Here we’ll see how to find out the number of occurrences of a substring in a string. C string library (<string.h>) provides a function (strstr()) to check the presence of a substring. But it does not give you the number of instances of the substring inside a string. We’ll implement our own function with and without using the strstr() function.
The Program
/*test.c*/
#include <stdio.h>
#include <string.h>
#define MAX_STRING_SIZE 1024
int substring_count(char* string, char* substring) {
int i, j, l1, l2;
int count = 0;
int found = 0;
l1 = strlen(string);
l2 = strlen(substring);
for(i = 0; i < l1 - l2 + 1; i++) {
found = 1;
for(j = 0; j < l2; j++) {
if(string[i+j] != substring[j]) {
found = 0;
break;
}
}
if(found) {
count++;
i = i + l2 -1;
}
}
return count;
}
int main(){
char string[MAX_STRING_SIZE];
char substring[MAX_STRING_SIZE];
int count = 0;
printf("Enter a string: ");
gets(string);
printf("Enter a substring: ");
gets(substring);
count = substring_count(string, substring);
printf("Substring occurrence count is: %d.\n", count);
return 0;
}
This program takes two strings, the string and the sub-string, as input.

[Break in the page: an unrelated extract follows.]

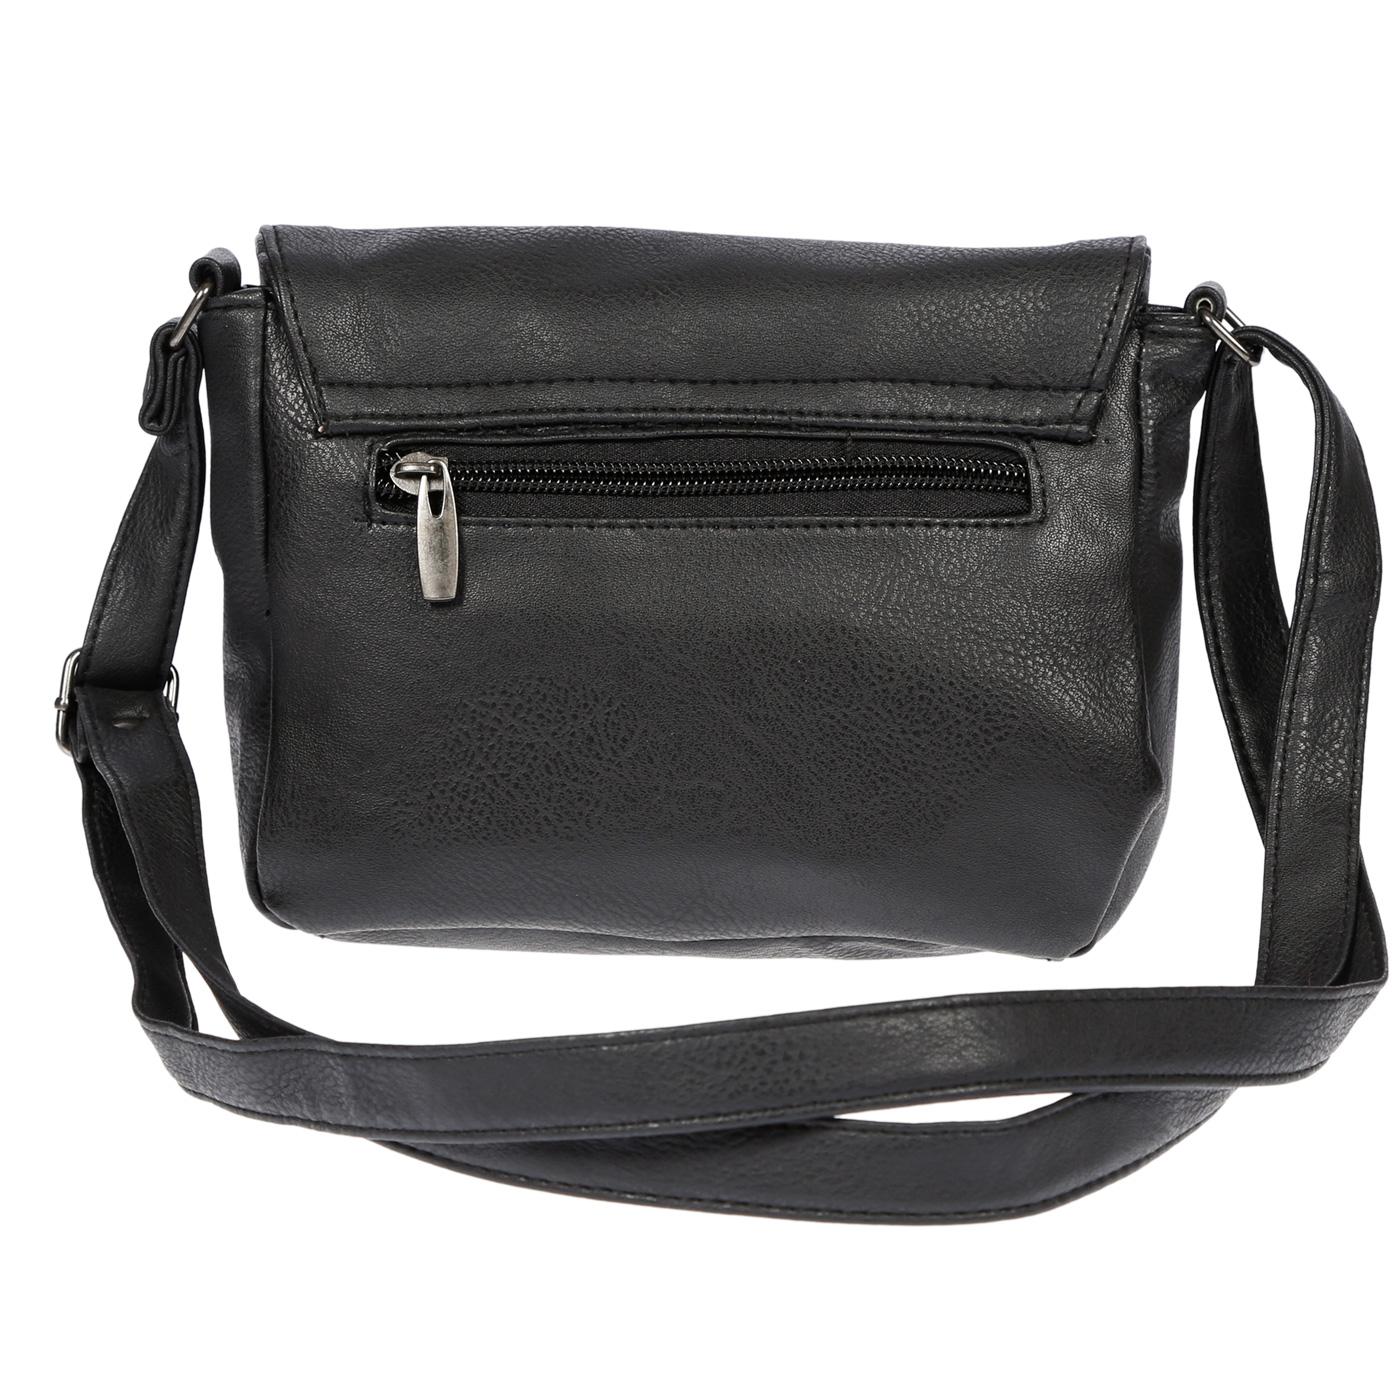 Kleine-Damen-Tasche-Umhaengetasche-Schultertasche-Crossover-Bag-Leder-Optik-NEU Indexbild 16
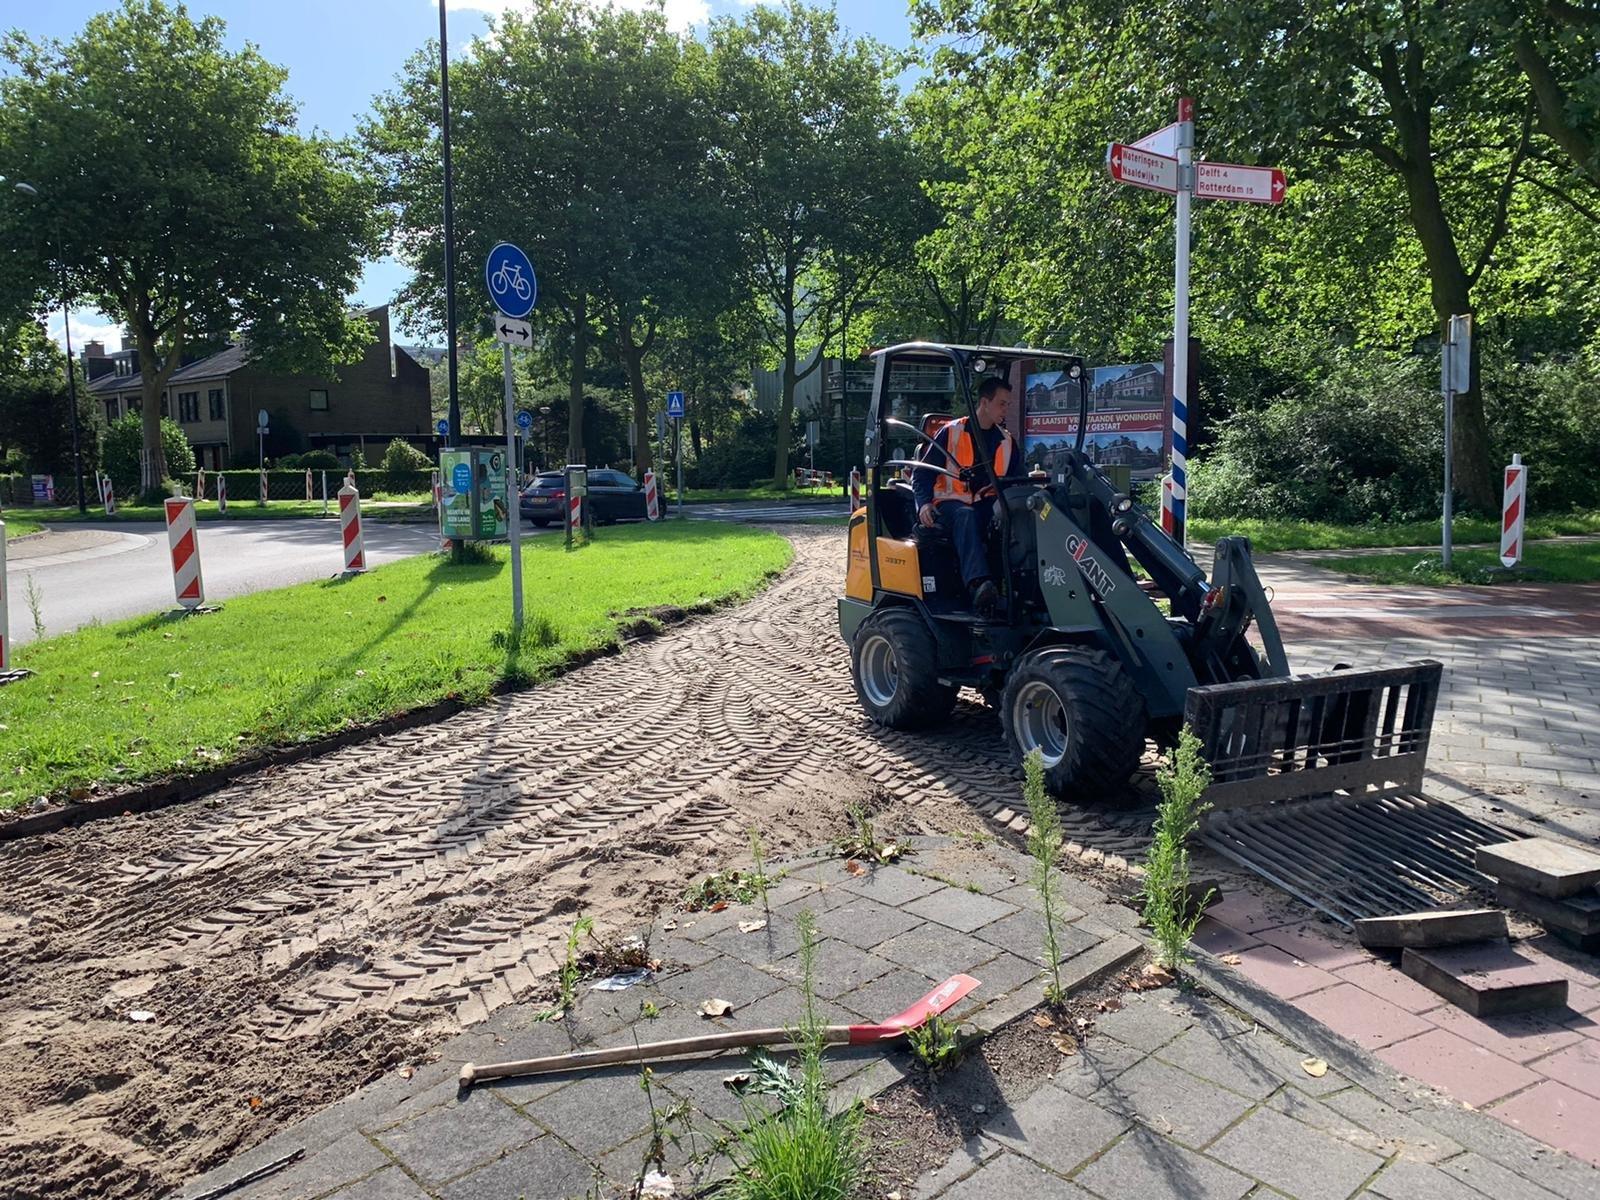 Rijswijk_Churchilllaan_Omgevingsmanagement_Omgevingsverbinder.

Then it calls the substring_count() function to count the occurrences of the substring. It iterates through the string character by character and assumes that every character can be the start of the substring. It starts matching with the substring characters from there. If any mismatch is found, the inner loop breaks and the outer loop advances to the next character to repeat the same process. If all the characters match in the inner loop, then one match is found – the counter is incremented. The outer loop advanced by the length of the substring.
Here is the output.
Using strstr() Function
The substring_count() function is changed like this.
int substring_count(char* string, char* substring) {
int i, j, l1, l2;
int count = 0;
l1 = strlen(string);
l2 = strlen(substring);
for(i = 0; i < l1 - l2 + 1; i++) {
if(strstr(string + i, substring) == string + i) {
count++;
i = i + l2 -1;
}
}
return count;
}
Instead of having our own inner loop to check whether the substring matches from a particular of the outer loop, we used the strstr() function. The strstr() function returns the pointer of the first matched character. If the pointer is equal to the pointer of starting character of the outer loop, it increments the counter.
We can achieve the same thing using strcmp() function also.
In the loop, i < l1 – l2 should actually be i < l1 – l2 +1. In the current setup, the last character is not counted. Try e.g. with something like "aidshjkwakhka"; it will not return 2 instead of 3.
You are absolutely right. Thanks for pointing that out. Corrected.